What does a Garden Gnome do when she is not gardening, in the kitchen or doing genealogy? Well the answer might just surprise you so read the entries to find out more. This blog focuses on everything we do to make our house a home. There will be a strong emphasis on home energy efficiency and do-it-yourself (DIY) projects. At the same time there will also be crafts, knitting and crocheting projects along with any other little tips we do to create that down to earth, I want to be here home. Please enjoy your visit :)


Tuesday, January 27, 2015

New Entrance Ceiling Fan

As much as I liked our new house when we bought it in 2011, the existing light fixtures were much to be desired.  Some were plain Jane basic fixtures and all were dated.  The only one I decided to keep for the time being was the kitchen ceiling fan.  The classic black ceiling hugging design looks good in the kitchen.

entrance chandelier
The front entrance lighting was a large drop chandelier.  I was so impressed with this horrid fixture complete with plastic prisms, that I couldn't find a picture of the full fixture!  The closest I could find was this picture take in July of 2014 before painting the doors and trim.  The door is now red on the exterior with white interior and trim (more on that to come).  Either the builder or previous owner liked plastic prisms because they are also on three more fixtures in the house, two in the upper level bathroom and one in the dining area.  The fixture in the dining is just all kinds of wrong including location but that is another project.  Back to the front entrance fixture.

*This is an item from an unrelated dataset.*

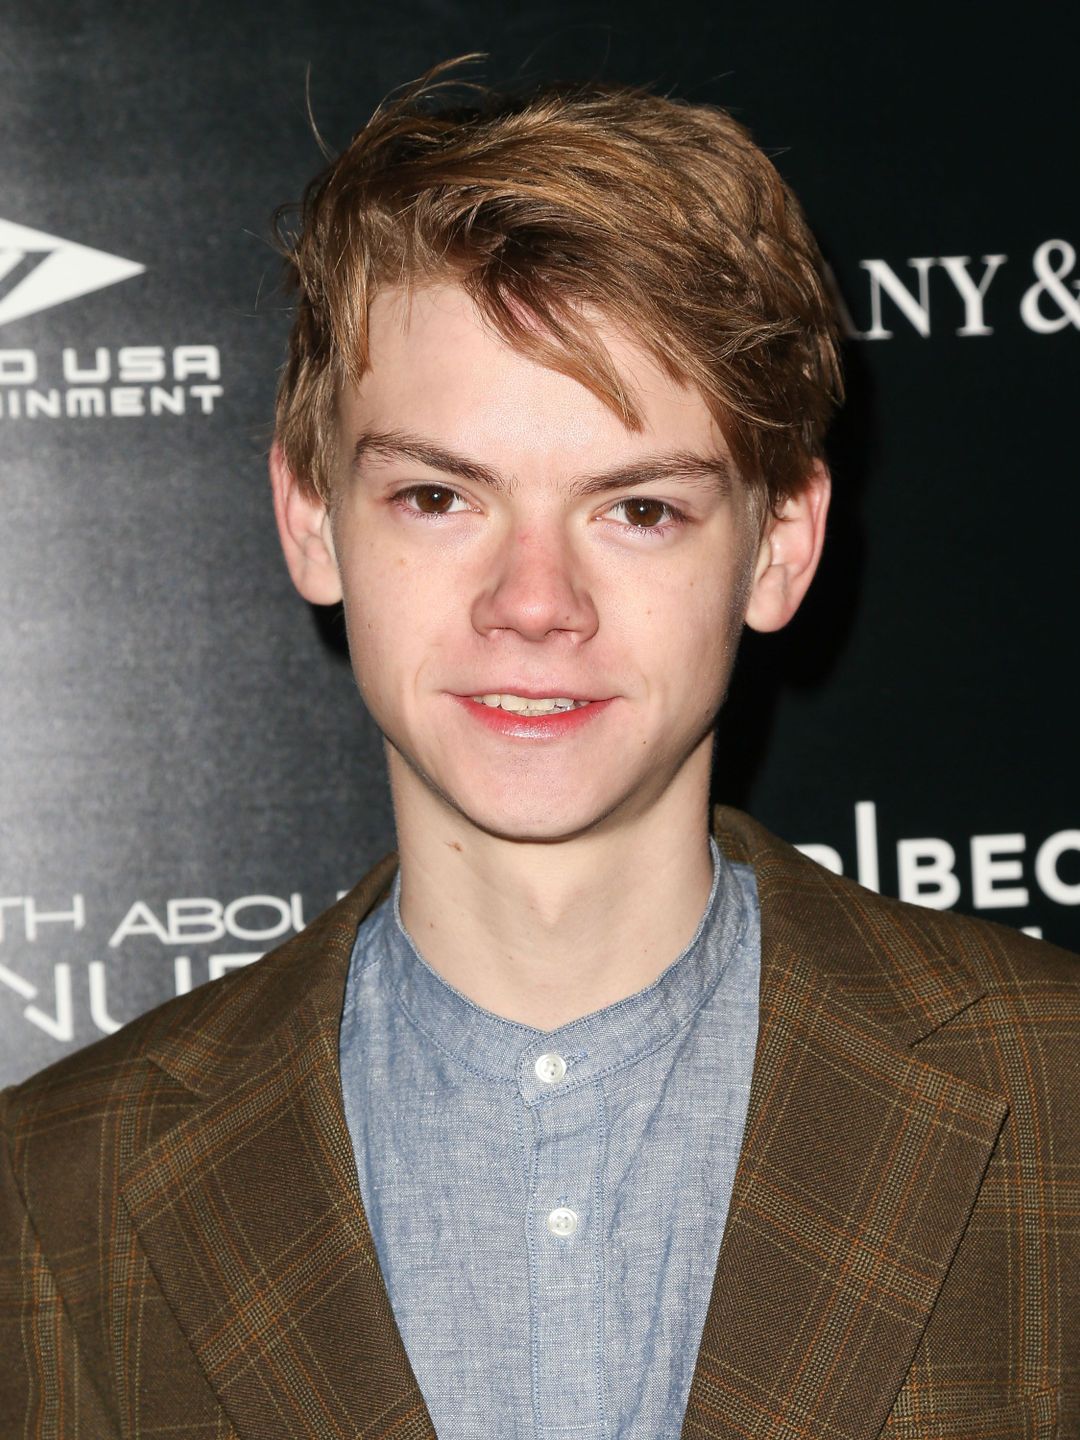 Thomas Sangster young age

Shortly after moving into our home, I saw a gorgeous ceiling fan that I thought would look great in our entrance.  I showed the picture of it to one of our kids who found a similar but smaller one for us.  They brought the new Banvil ceiling fan down but it ended up sitting in the box for over a year while we decided if that is what we really wanted.  We started working on the room that we are turning into a home gym.  The ceiling fan in the box was in there so my husband decided to install it this past weekend.

new energy efficient ceiling fan
Updating light fixtures is not difficult if you are comfortable working with electricity.  We turned off the breaker to the fixture, tested to make sure the power was off then my husband installed the ceiling fan in four stages.  The base was installed first then he assembled each blade and installed them on the base.  Once the blades were installed, he assembled the light and finally attached the chain pulls before turning on the power.   We are very pleased with the end result!

The ceiling fan is energy efficient.  Given it's location, it will push warm air from the upper level to the lower level in the winter months.  In the summer months, we will reverse the blade rotation so cool air is pulled from the lower level to the upper level.  This will save us on heating and cooling while making the house more comfortable.  We used two 13W CFL bulbs in the light but will change those to LEDs at some point since this fixture will be tied into our home automation. 


Monday, January 26, 2015

Easy Indoor Clothesline Solution

Quite often one project leads to another.  So it was in the utility room.  The previous owners of our house installed a cord indoor clothesline that spanned the distance between the far wall of the utility room to the wall where we recently installed the dry bar cabinets.  This gave us about 30 feet of drying space. 

old indoor clotheslineThe line did not detract so was visible when not in use which really wasn't a problem.  The closet doors cleared the line so the only issue was aesthetics.  We removed the mounting strip for the clothesline when we installed the cabinets.  The line wasn't much but looked so much nicer gone!  We decided to take the old clothesline down. 

Still, we needed a solution for drying clothes indoors.  There are certain items that we always hang to dry rather than put in the dryer.  We have a very flimsy folding rack that isn't suitable for hanging much of anything.  The space really isn't big enough to leave a rack sitting out for any length of time.  At the same time, we knew any solution would take up valuable space in the small room.

new indoor cloghesline
Our first thought was to install a rod on the end wall over the end of the washer but that would only give us about 4 feet of usable drying space without climbing over the washer.  Instead, we installed a rod between the closet and furnace room walls.  The rod is a 1- inch wooden dowel that can be easily lifted out of the mounting brackets if desired.   I think I will look for a plastic cover meant for shower rods to cover the wood mainly for looks but also to protect the wood from getting wet. 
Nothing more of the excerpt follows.